> **RECORD EXTRACTS**:
::::::::::
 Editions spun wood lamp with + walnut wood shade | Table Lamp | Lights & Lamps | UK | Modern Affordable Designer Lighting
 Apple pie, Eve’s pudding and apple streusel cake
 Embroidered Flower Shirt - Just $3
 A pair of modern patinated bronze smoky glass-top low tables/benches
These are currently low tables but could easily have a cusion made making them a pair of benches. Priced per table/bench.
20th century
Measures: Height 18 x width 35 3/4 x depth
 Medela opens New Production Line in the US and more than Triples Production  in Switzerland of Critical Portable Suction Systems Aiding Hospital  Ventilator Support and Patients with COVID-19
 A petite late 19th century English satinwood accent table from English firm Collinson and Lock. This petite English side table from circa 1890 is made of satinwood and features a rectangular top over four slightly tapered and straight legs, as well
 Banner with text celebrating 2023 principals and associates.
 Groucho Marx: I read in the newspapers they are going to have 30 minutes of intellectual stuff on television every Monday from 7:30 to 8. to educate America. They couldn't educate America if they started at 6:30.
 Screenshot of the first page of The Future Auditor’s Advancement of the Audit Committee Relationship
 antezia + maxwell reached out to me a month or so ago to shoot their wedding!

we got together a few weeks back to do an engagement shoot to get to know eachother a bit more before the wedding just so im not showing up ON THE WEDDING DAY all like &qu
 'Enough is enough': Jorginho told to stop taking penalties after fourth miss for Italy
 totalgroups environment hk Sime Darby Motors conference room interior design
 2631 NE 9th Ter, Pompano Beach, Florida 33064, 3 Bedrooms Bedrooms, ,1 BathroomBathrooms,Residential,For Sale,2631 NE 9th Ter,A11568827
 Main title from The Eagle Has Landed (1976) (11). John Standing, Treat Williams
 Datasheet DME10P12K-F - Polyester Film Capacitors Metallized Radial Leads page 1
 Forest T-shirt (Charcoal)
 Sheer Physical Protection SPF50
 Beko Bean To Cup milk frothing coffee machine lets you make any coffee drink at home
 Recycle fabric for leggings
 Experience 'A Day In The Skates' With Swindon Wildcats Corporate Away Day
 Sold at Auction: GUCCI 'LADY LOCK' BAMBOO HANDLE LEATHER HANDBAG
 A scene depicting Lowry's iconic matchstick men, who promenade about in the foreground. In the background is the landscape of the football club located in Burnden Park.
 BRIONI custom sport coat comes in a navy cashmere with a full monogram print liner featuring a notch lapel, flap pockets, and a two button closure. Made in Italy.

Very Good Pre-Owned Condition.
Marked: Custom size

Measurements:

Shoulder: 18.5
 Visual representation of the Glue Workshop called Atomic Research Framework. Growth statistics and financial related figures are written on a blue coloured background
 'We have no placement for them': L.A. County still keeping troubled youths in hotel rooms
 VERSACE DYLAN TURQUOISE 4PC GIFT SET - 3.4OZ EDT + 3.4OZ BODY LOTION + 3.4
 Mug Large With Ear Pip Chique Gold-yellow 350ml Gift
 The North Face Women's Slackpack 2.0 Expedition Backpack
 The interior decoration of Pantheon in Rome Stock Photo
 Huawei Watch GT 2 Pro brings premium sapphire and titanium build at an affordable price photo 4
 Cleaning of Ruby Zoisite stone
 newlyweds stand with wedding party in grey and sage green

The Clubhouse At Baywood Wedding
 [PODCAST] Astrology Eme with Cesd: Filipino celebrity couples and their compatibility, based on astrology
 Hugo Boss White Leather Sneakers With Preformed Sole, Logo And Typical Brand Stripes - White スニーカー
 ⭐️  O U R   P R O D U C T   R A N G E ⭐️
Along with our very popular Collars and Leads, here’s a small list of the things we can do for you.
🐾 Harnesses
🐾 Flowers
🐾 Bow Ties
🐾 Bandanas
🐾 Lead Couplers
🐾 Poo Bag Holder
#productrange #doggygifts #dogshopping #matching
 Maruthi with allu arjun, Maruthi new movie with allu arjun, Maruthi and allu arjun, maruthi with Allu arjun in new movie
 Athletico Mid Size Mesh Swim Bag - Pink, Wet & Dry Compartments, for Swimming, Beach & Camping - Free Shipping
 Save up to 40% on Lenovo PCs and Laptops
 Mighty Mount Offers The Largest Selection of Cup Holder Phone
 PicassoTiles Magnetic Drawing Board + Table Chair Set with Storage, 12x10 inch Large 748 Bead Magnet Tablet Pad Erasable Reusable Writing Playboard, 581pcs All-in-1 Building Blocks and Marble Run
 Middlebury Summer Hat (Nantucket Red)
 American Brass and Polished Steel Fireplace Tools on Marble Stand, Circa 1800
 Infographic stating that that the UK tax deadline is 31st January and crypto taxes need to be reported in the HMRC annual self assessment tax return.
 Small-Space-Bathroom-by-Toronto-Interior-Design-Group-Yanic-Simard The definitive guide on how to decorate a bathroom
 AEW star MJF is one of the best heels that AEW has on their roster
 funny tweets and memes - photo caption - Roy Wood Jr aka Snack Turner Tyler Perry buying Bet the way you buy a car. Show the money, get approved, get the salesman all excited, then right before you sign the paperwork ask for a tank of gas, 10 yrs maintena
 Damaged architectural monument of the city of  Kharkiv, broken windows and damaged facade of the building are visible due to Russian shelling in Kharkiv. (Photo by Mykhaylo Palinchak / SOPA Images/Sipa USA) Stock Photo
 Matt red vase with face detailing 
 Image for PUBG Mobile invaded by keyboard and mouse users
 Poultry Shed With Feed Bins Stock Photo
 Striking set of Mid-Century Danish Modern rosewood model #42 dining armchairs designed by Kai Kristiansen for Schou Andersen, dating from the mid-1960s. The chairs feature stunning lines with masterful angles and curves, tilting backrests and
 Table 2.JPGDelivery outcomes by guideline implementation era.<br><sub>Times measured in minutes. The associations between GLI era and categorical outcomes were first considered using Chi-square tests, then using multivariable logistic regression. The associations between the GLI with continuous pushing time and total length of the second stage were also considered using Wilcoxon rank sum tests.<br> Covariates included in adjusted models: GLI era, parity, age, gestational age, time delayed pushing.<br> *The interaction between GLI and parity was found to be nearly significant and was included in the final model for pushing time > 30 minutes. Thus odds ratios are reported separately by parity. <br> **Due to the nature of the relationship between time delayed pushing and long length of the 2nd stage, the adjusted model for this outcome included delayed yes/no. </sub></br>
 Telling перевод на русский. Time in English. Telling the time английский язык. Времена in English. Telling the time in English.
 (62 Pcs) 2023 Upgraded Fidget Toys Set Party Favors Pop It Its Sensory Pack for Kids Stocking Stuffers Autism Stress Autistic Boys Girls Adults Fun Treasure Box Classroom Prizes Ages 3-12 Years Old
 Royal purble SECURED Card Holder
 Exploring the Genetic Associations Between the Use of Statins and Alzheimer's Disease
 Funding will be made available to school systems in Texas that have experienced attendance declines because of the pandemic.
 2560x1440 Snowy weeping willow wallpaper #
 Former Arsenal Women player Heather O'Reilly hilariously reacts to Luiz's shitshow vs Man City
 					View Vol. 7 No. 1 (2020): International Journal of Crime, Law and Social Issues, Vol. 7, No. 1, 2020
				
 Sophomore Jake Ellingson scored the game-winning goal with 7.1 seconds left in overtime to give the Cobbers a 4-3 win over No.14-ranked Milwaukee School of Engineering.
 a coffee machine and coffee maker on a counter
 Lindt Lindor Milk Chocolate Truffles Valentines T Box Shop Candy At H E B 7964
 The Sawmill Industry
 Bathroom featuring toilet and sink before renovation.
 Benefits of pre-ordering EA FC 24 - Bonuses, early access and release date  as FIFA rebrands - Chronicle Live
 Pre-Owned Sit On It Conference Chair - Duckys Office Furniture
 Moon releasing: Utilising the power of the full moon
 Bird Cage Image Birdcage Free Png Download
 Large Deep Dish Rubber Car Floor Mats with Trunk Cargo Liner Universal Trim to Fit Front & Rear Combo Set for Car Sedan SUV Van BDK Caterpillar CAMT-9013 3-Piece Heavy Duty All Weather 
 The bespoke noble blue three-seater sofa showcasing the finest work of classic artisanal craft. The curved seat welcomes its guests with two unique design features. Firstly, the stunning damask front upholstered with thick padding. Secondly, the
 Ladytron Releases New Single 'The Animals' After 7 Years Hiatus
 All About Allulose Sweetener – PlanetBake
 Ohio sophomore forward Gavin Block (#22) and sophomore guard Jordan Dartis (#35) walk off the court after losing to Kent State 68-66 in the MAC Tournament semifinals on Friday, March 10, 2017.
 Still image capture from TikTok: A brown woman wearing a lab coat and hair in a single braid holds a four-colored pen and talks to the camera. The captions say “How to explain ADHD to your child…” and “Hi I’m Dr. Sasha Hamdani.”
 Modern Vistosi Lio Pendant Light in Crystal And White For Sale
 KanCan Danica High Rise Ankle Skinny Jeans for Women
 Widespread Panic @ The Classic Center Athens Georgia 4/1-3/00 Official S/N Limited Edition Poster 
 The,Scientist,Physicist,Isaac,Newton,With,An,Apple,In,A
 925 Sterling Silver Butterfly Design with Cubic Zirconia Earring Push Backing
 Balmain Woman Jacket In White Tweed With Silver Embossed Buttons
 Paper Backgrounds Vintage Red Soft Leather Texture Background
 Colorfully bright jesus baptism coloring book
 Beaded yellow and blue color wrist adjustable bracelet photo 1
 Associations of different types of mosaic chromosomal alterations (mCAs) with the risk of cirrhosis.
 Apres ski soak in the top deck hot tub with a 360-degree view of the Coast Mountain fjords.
::::::::::
Wherever a line above contains the string "Women", copy that line.

 The North Face Women's Slackpack 2.0 Expedition Backpack
 Former Arsenal Women player Heather O'Reilly hilariously reacts to Luiz's shitshow vs Man City
 KanCan Danica High Rise Ankle Skinny Jeans for Women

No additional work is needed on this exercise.